Еще был Иван и прирожденным юмористом. Часто сама по себе ничего не значащая фраза, — казалось бы, ничуть не смешная, — произнесенная Чабаненко, вызывала всеобщий хохот, и Иван тоже упивался вместе со всеми своим же умением рассмешить. Да и в самом лице его было что-то, когда сразу угадывается умный, серьезный человек и безобидный весельчак. Вообще же имел он белое заостренное лицо, острый нос, острый подбородок, твердо сжатые губы. Стригся почти наголо, носил короткую светлую челку.
Сейчас на языке у Ивана был он, их молодой помбригадира, и Чабаненко, ко всеобщему удовольствию присутствующих, буквально упивался своим веселым и безобидным подзуживанием.

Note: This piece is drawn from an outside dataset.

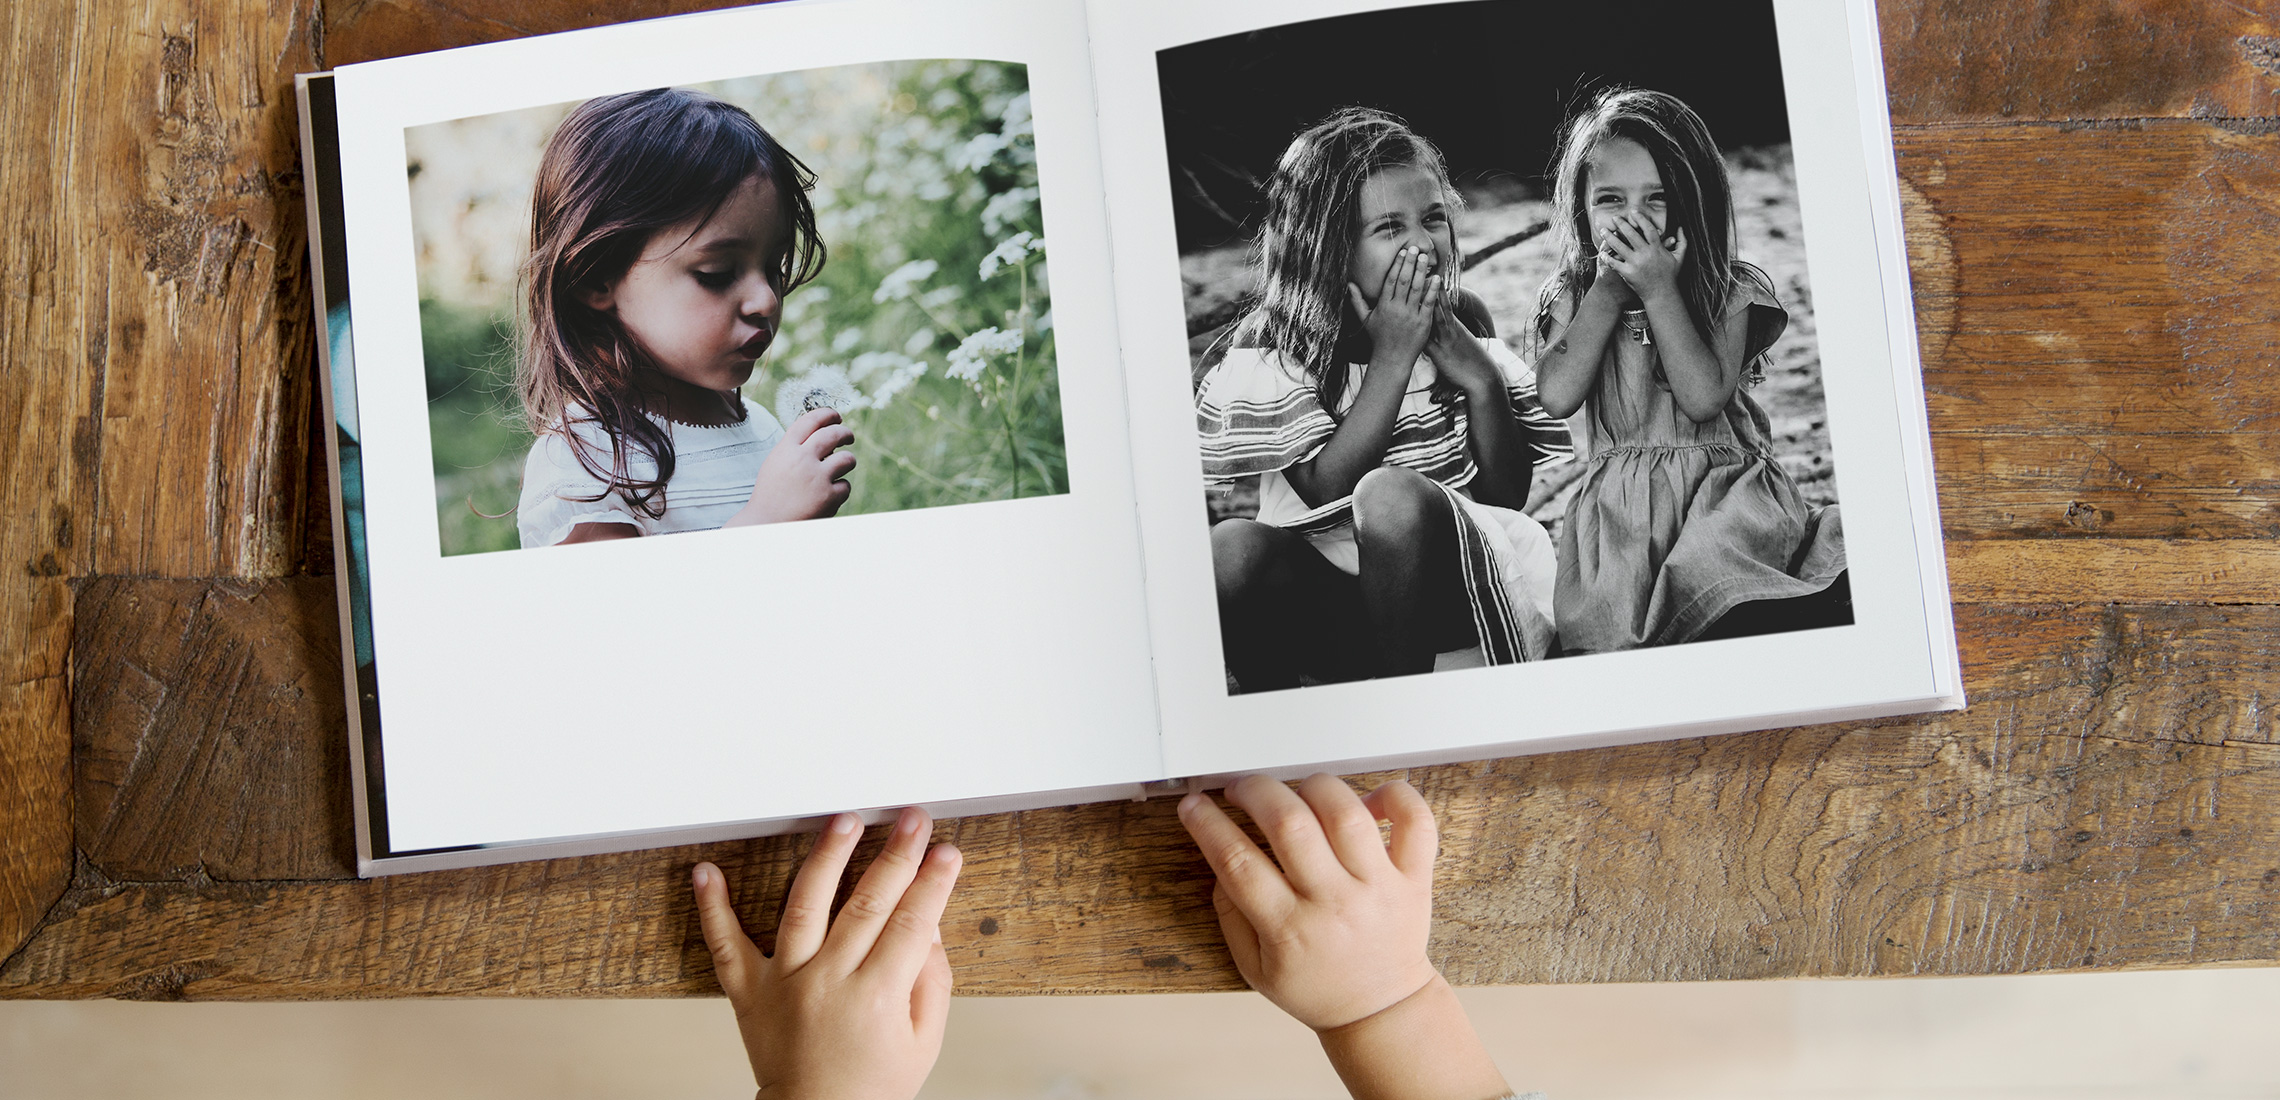 Un niño pequeño hojeando un fotolibro cuadrado con imágenes de niñas riendo.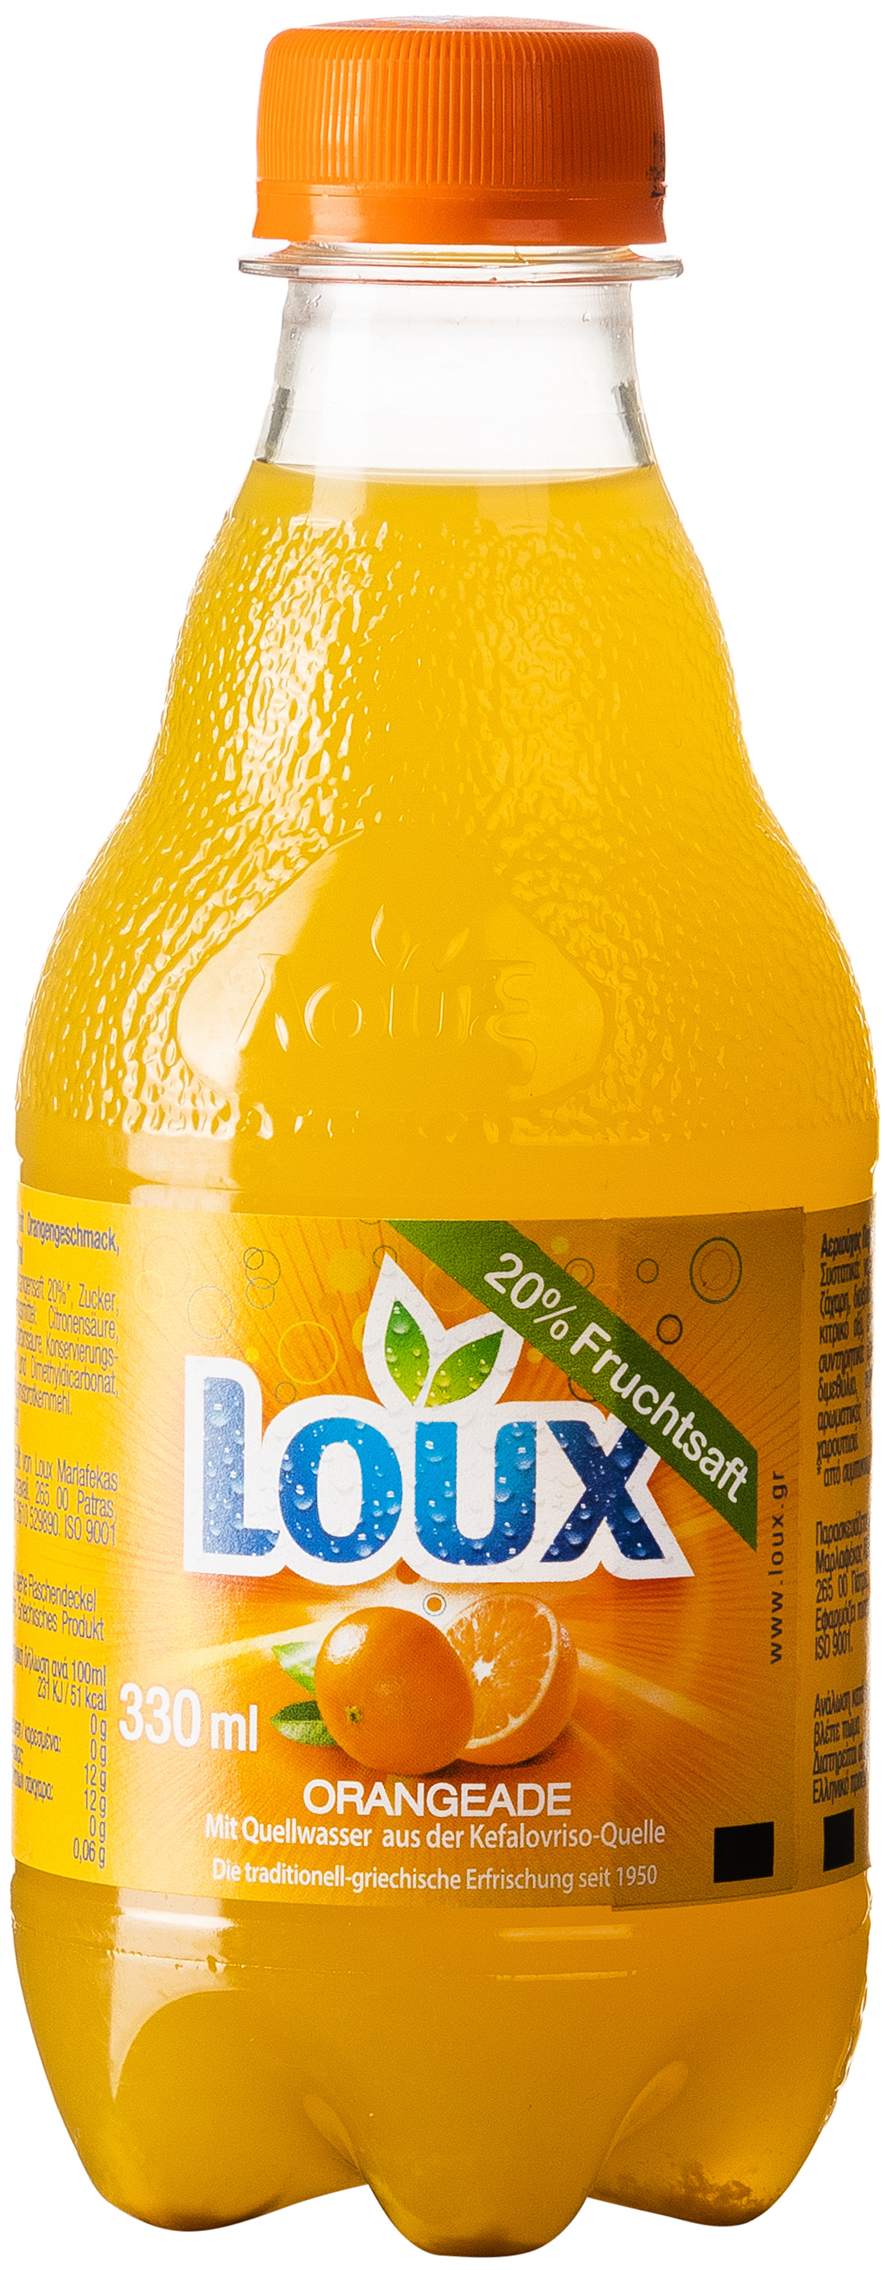 Loux Orangen Limonade 0,33L EINWEG

...— Так ты, Максим, по правде скажи, — спрашивает Иван, а сам тем временем выбривает «под Котовского» Алика Шевцова, — по правде скажи: який бис понес тебя сюды, на эту самую целину? А?
— Хлопец, мабуть, романтику шукаить, — дружески подсовывает шпильку мягкий и доброжелательный Вася Вязовченко.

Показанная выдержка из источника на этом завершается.